Re: [PATCH v1 1/2] PCI/AER: Decode Error Source Requester ID

From: Rajat Jain
Date: Thu May 31 2018 - 13:36:36 EST


On Wed, May 30, 2018 at 9:42 PM Bjorn Helgaas <helgaas@xxxxxxxxxx> wrote:
>
> On Wed, May 30, 2018 at 11:41:23AM -0700, Rajat Jain wrote:
> > On Wed, May 30, 2018 at 10:54 AM Bjorn Helgaas <helgaas@xxxxxxxxxx> wrote:
> >
> > > From: Bjorn Helgaas <bhelgaas@xxxxxxxxxx>
> >
> > > Decode the Requester ID from the AER Error Source Register into domain/
> > > bus/device/function format to match other logging. In cases where the ID
> > > matches the device used for pci_err(), drop the extra ID completely so we
> > > don't print it twice.
> >
> > > Signed-off-by: Bjorn Helgaas <bhelgaas@xxxxxxxxxx>
> > > ---
> > > drivers/pci/pcie/aer/aerdrv_errprint.c | 18 +++++++++++-------
> > > 1 file changed, 11 insertions(+), 7 deletions(-)
> >
> > > diff --git a/drivers/pci/pcie/aer/aerdrv_errprint.c
> > b/drivers/pci/pcie/aer/aerdrv_errprint.c
> > > index 21ca5e1b0ded..d7fde8368d81 100644
> > > --- a/drivers/pci/pcie/aer/aerdrv_errprint.c
> > > +++ b/drivers/pci/pcie/aer/aerdrv_errprint.c
> > > @@ -163,17 +163,17 @@ void aer_print_error(struct pci_dev *dev, struct
> > aer_err_info *info)
> > > int id = ((dev->bus->number << 8) | dev->devfn);
>
> > > if (!info->status) {
> > > - pci_err(dev, "PCIe Bus Error: severity=%s,
> > type=Unaccessible, id=%04x(Unregistered Agent ID)\n",
> > > - aer_error_severity_string[info->severity], id);
> > > + pci_err(dev, "PCIe Bus Error: severity=%s,
> > type=Inaccessible, (Unregistered Agent ID)\n",
> > > + aer_error_severity_string[info->severity]);
> >
> > Does this code path indicate that a requester id was decoded to a device
> > that is not registered with the kernel? If so, shouldn't we log the bad
> > requester ID for better debugging, specifically since there is not going to
> > be any subsequent print about this ID (since we return from this function
> > in this case)?
>
> Previously we printed "id", which was constructed above from "dev":
>
> id = ((dev->bus->number << 8) | dev->devfn);
>
> so even if we print "id=%04x", it contains exactly the same
> information as the bus/device/function printed using "dev".

Sorry, my bad, I missed it, despite it being right there in my face :-).

>
> So no, I don't think "Unregistered Agent ID" means a device not registered
> with the kernel.
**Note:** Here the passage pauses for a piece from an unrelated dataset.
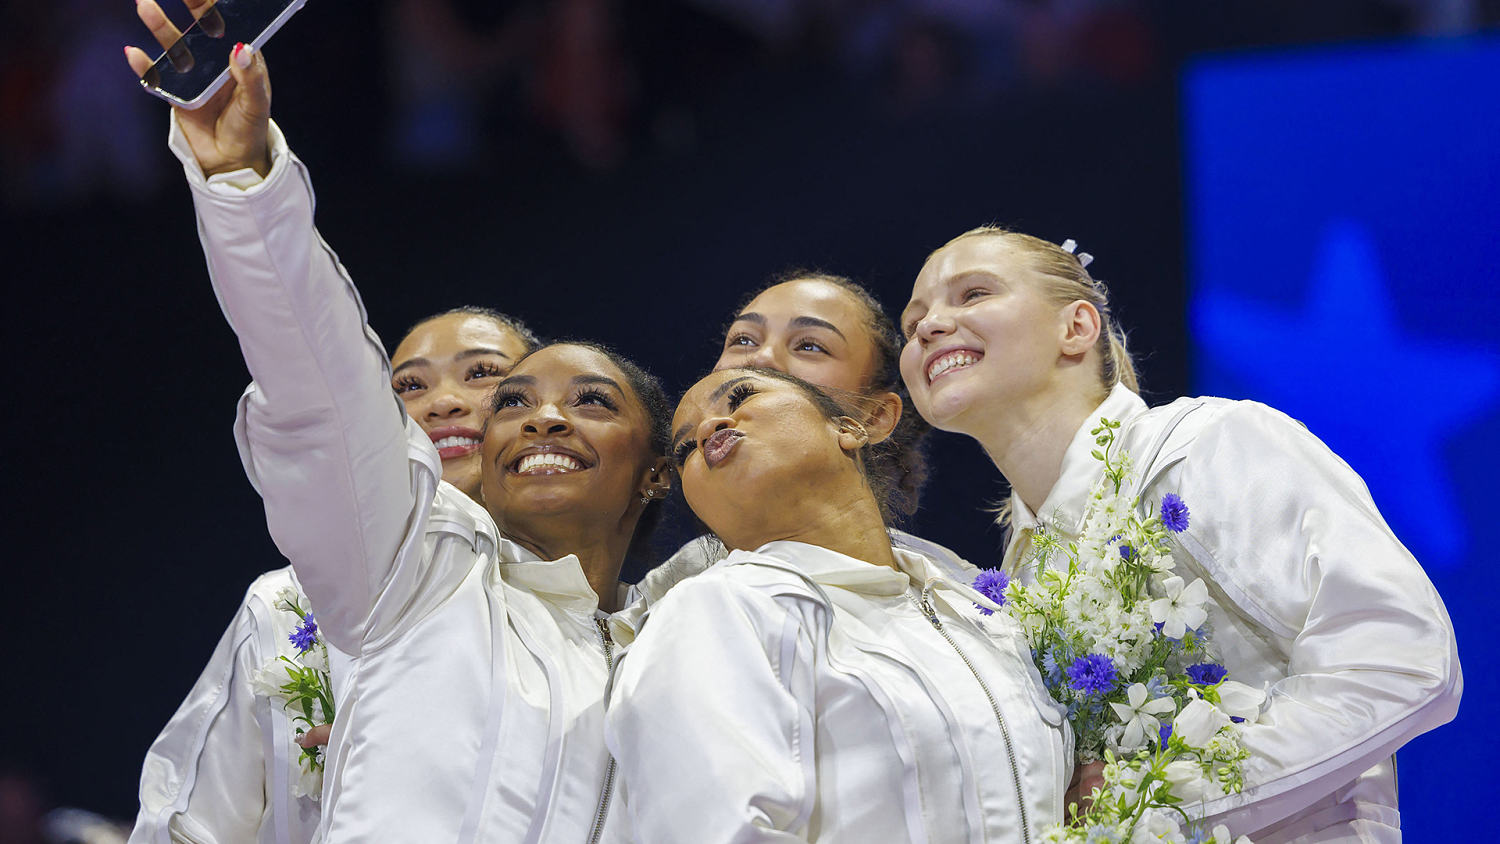 Watch: U.S. women's gymnastics team presented ahead of Paris

At any rate, we do have a pci_dev for it.
>
> I *think* "info->status == 0" means PCI_ERR_COR_STATUS (or
> PCI_ERR_UNCOR_STATUS) was zero, i.e., we didn't find any error status
> bits set for this device. I don't think "Unregistered Agent ID" is a
> very good description of this situation.

Agree, may be something along the lines of "Unknown Error Status"
might be better.

Thanks,

Rajat

>
> Bjorn